For this exercise, copy exactly every line from the one holding "BE-RBINS-ENT Percolaspis godmani" through the end of the data, both included. Omit pictures.

(Recorded data)
◇ ◇ ◇
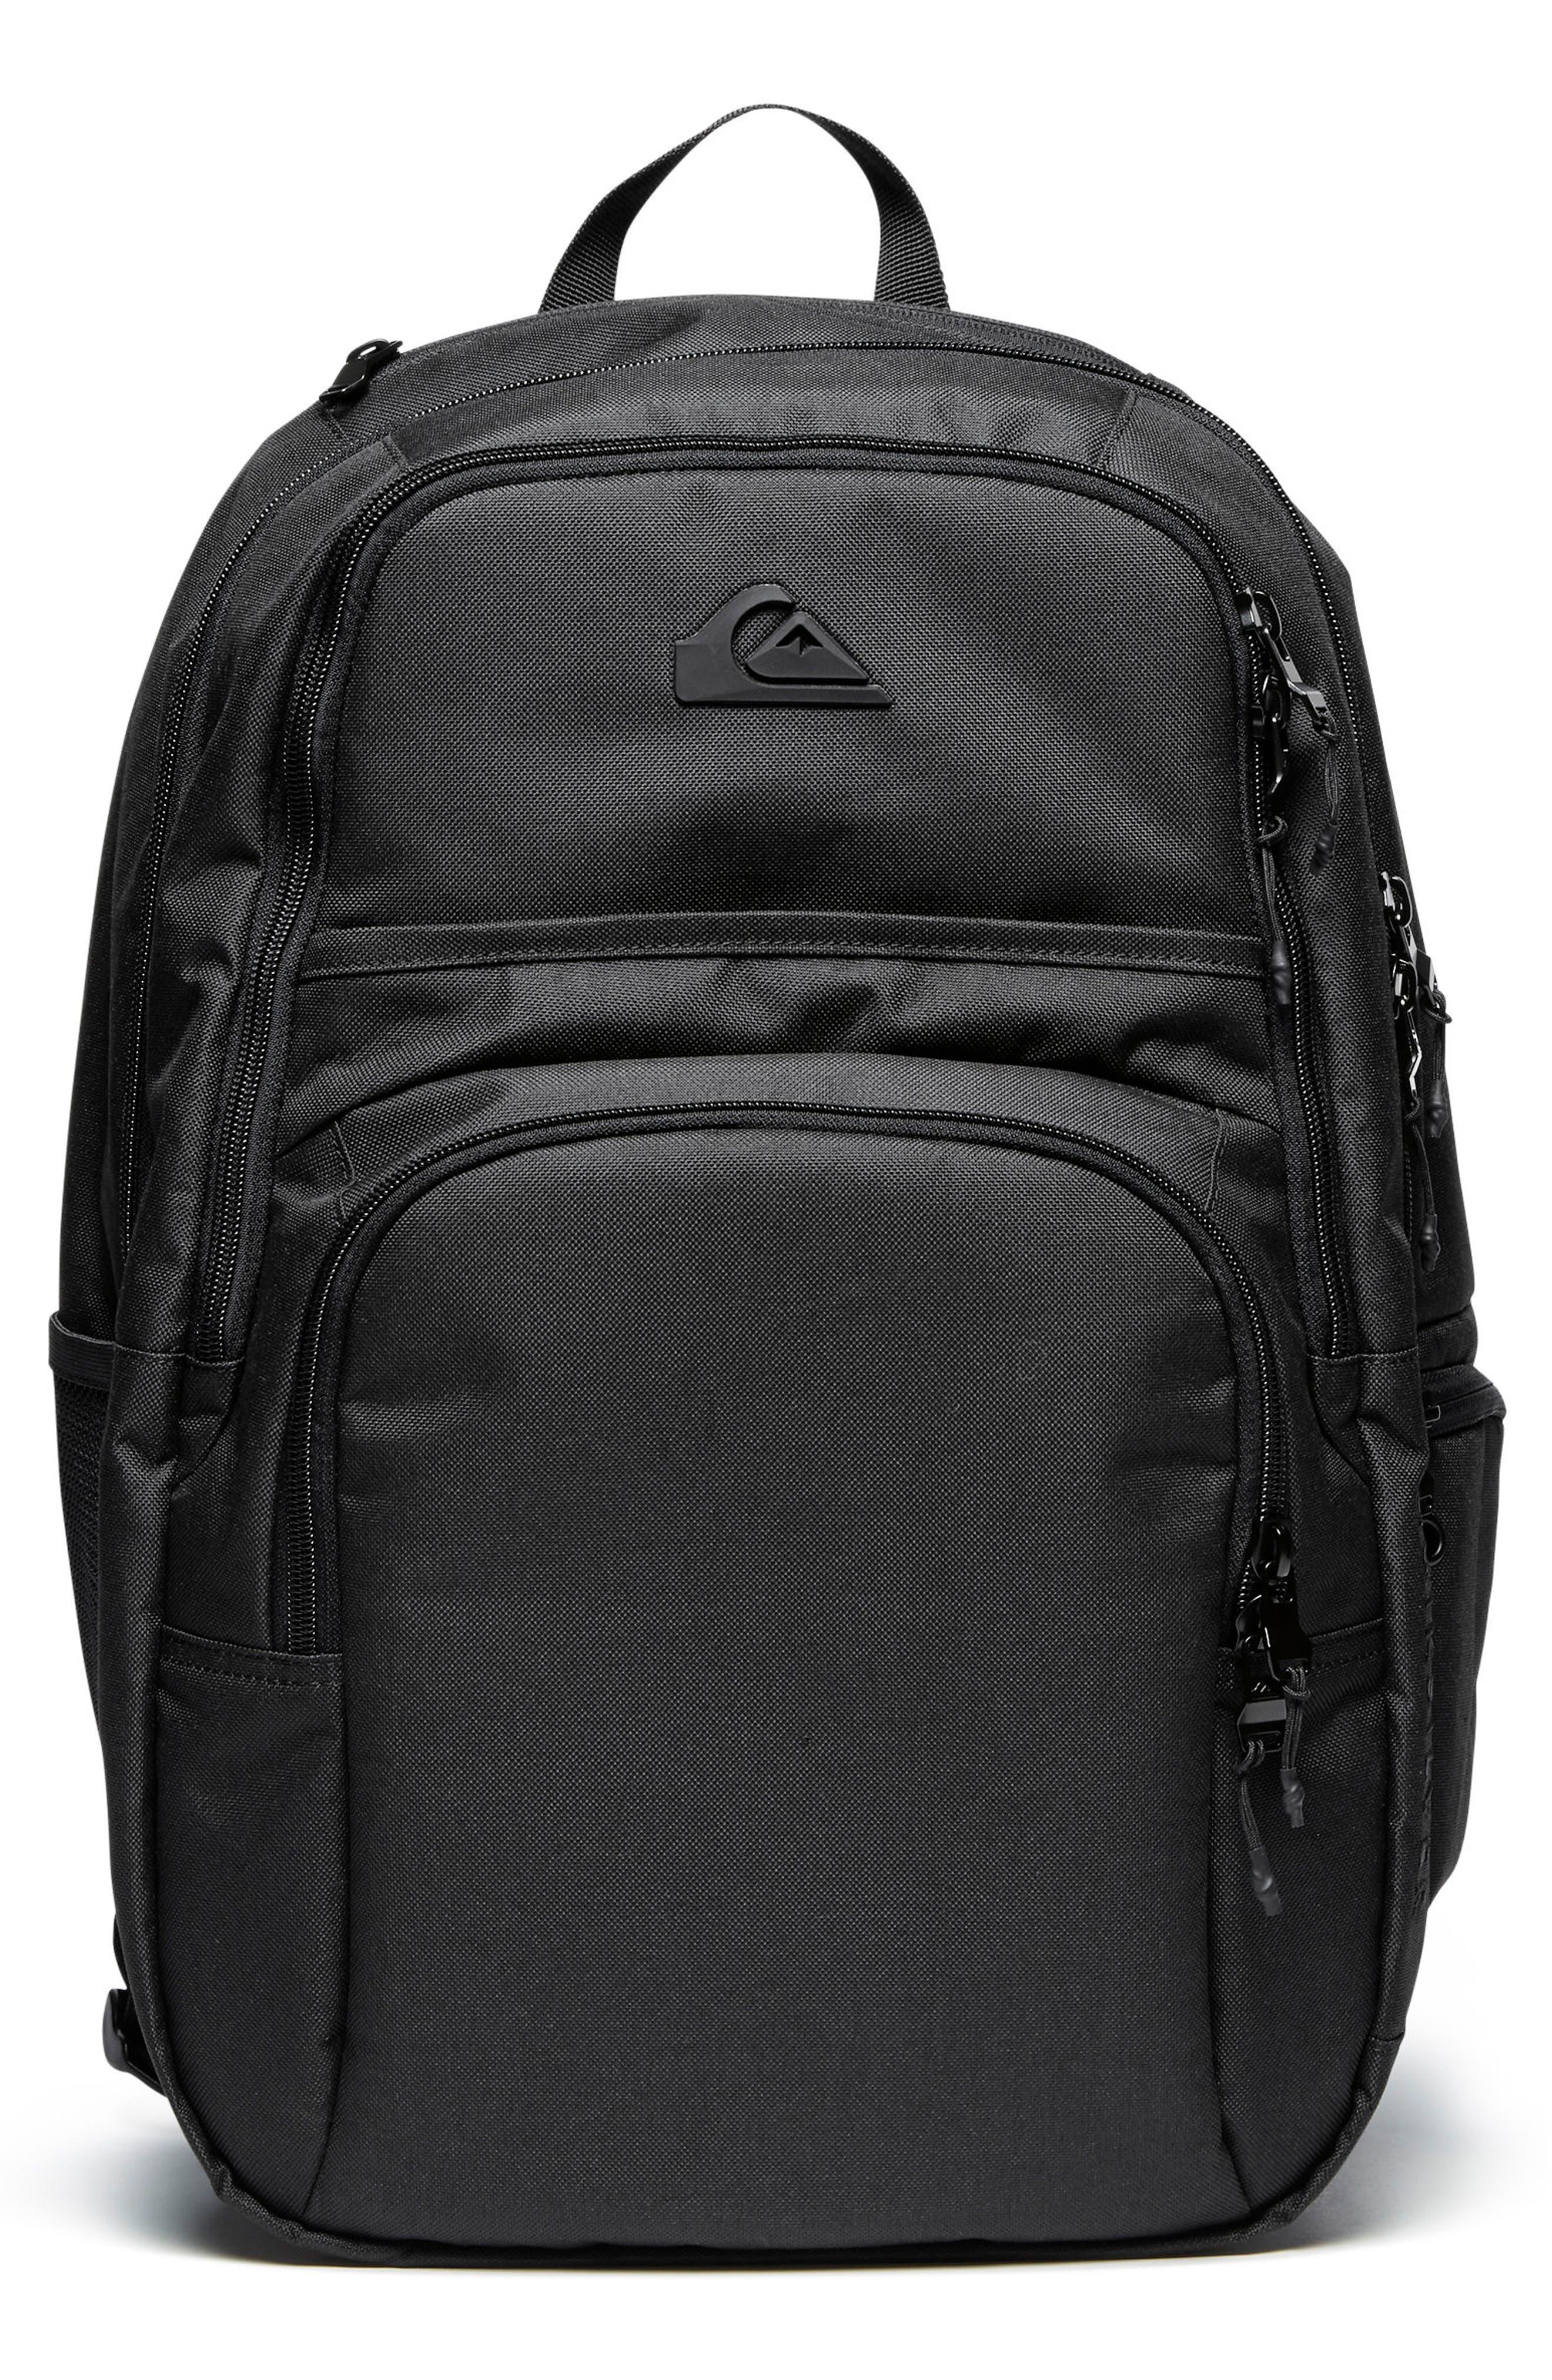 Diaper Backpack,                             Main thumbnail 1, color,                             Black
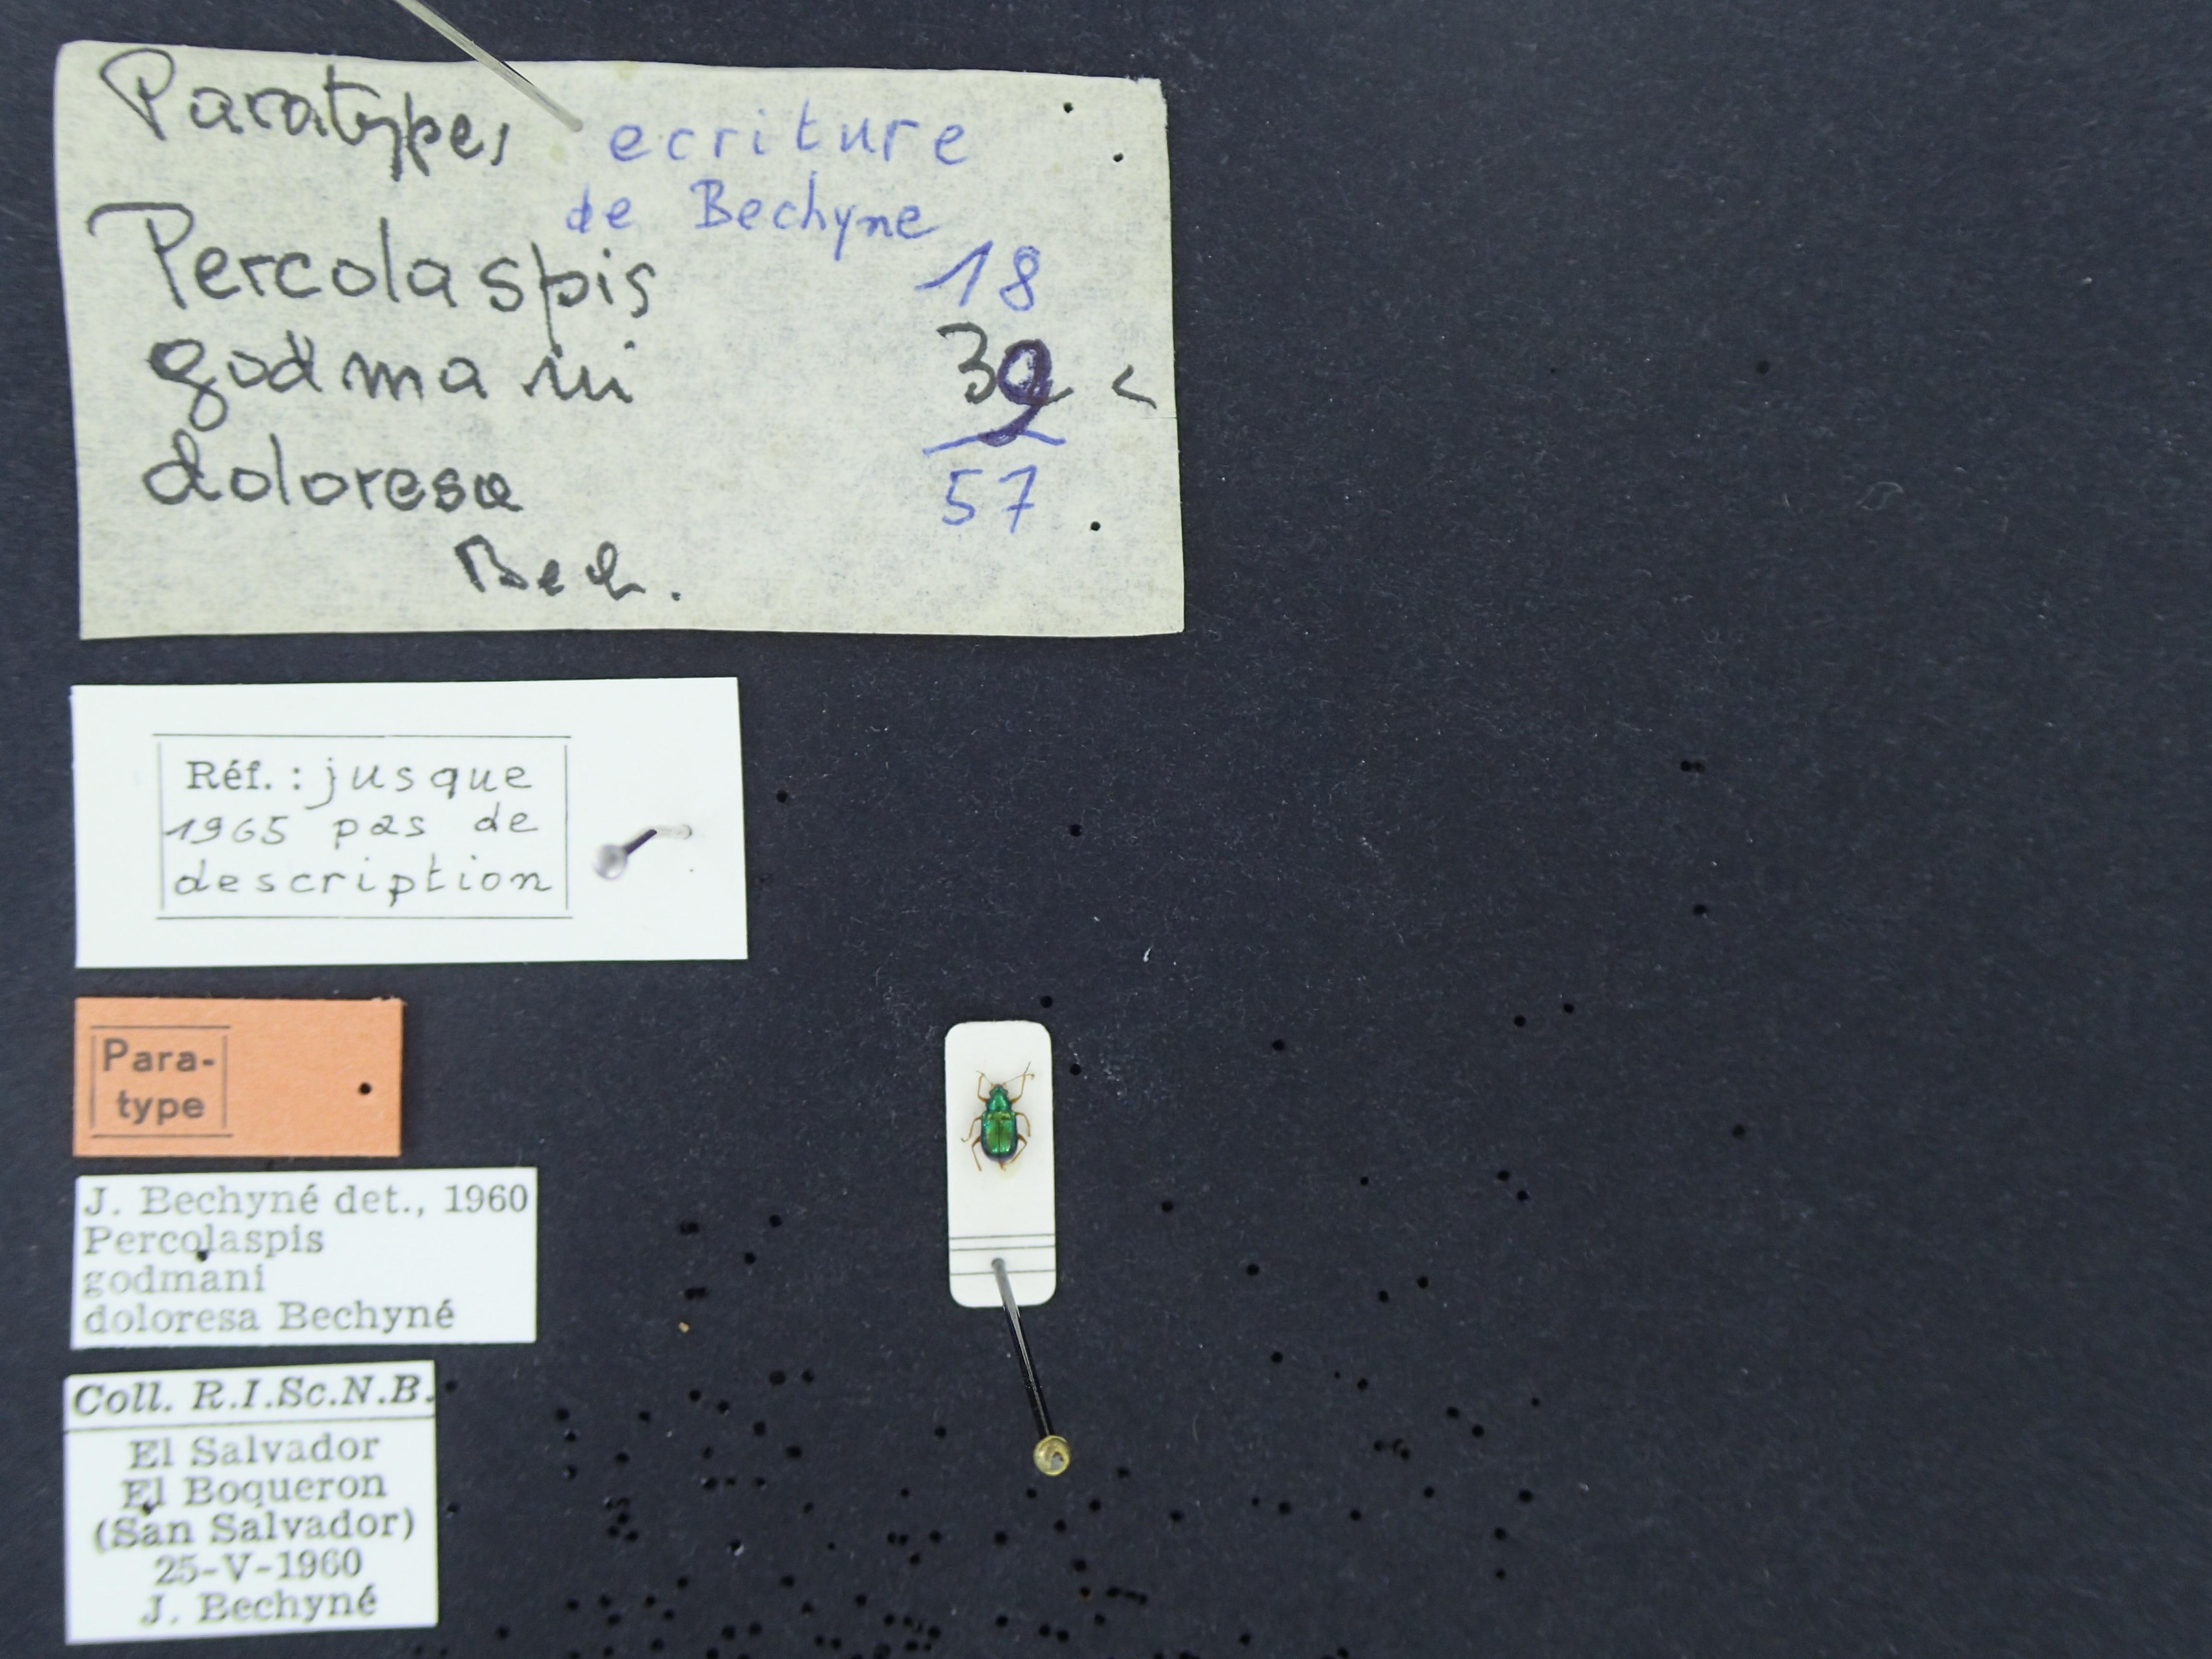 BE-RBINS-ENT Percolaspis godmani doloresa K30_D04_042 Label.JPG
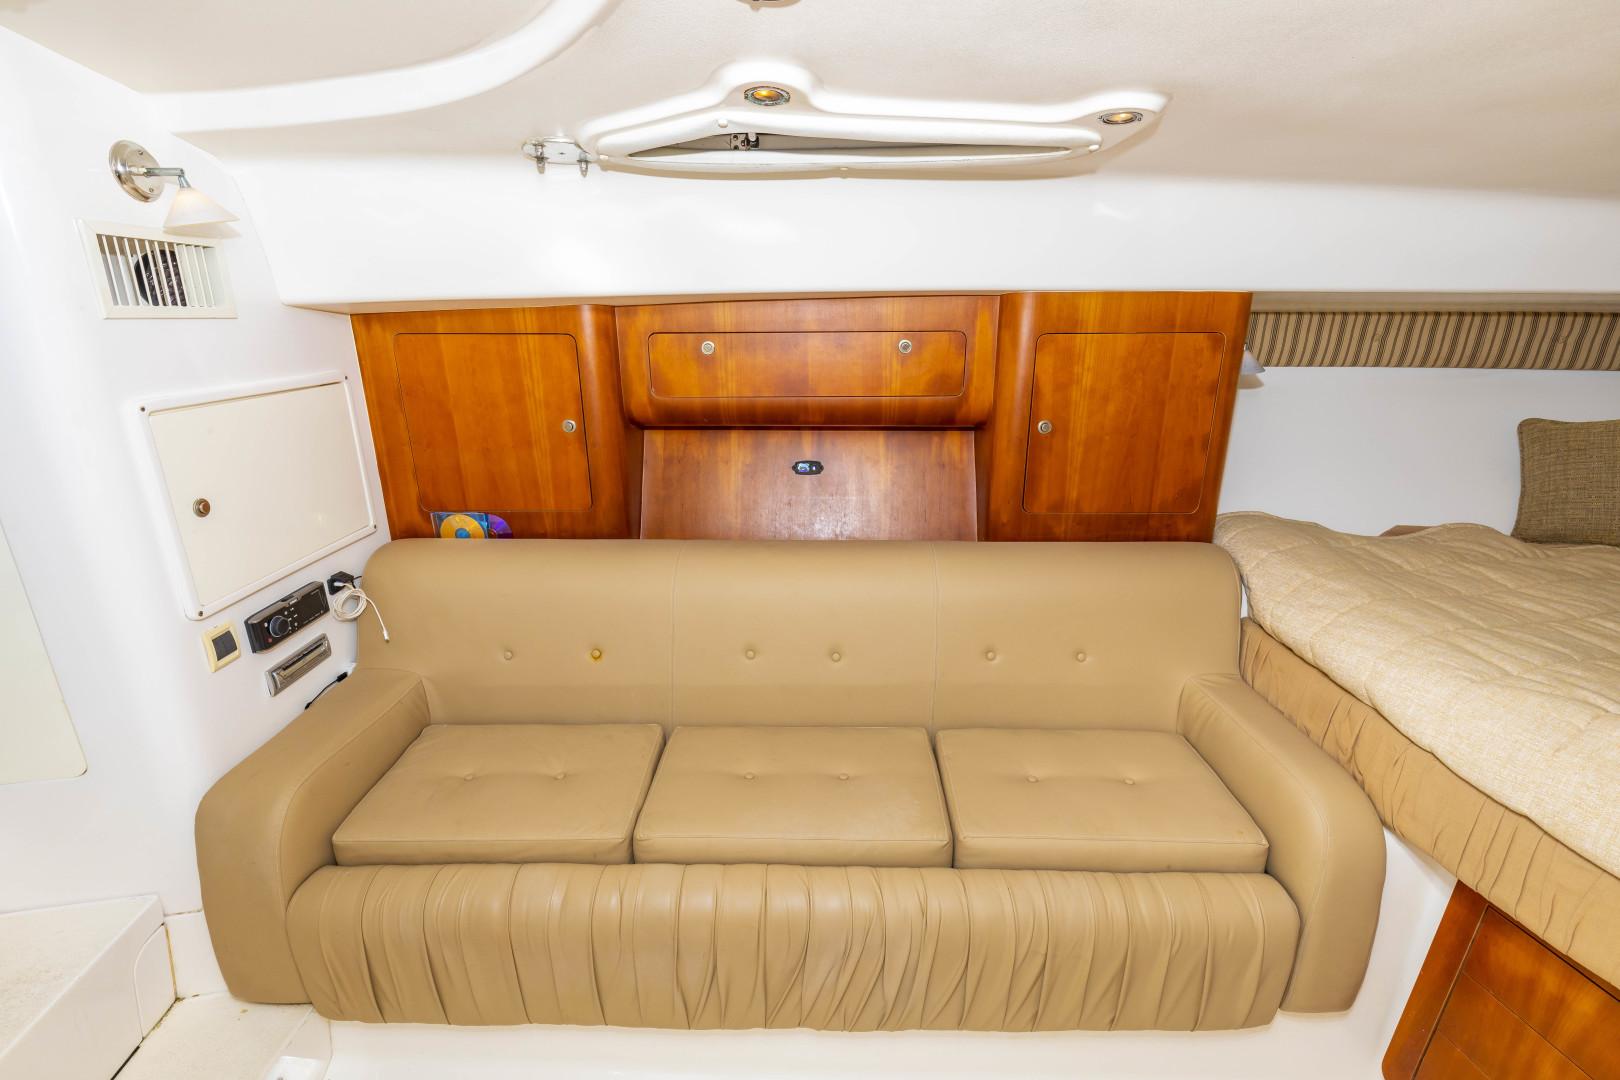 Intrepid-377 Walkaround 2005-Rock Boat REFIT 2018 Dania Beach-Florida-United States-377 Intrepid Couch 2-1511540 | Thumbnail
◇ ◇ ◇
(Answer box)
 BE-RBINS-ENT Percolaspis godmani doloresa K30_D04_042 Label.JPG
 Intrepid-377 Walkaround 2005-Rock Boat REFIT 2018 Dania Beach-Florida-United States-377 Intrepid Couch 2-1511540 | Thumbnail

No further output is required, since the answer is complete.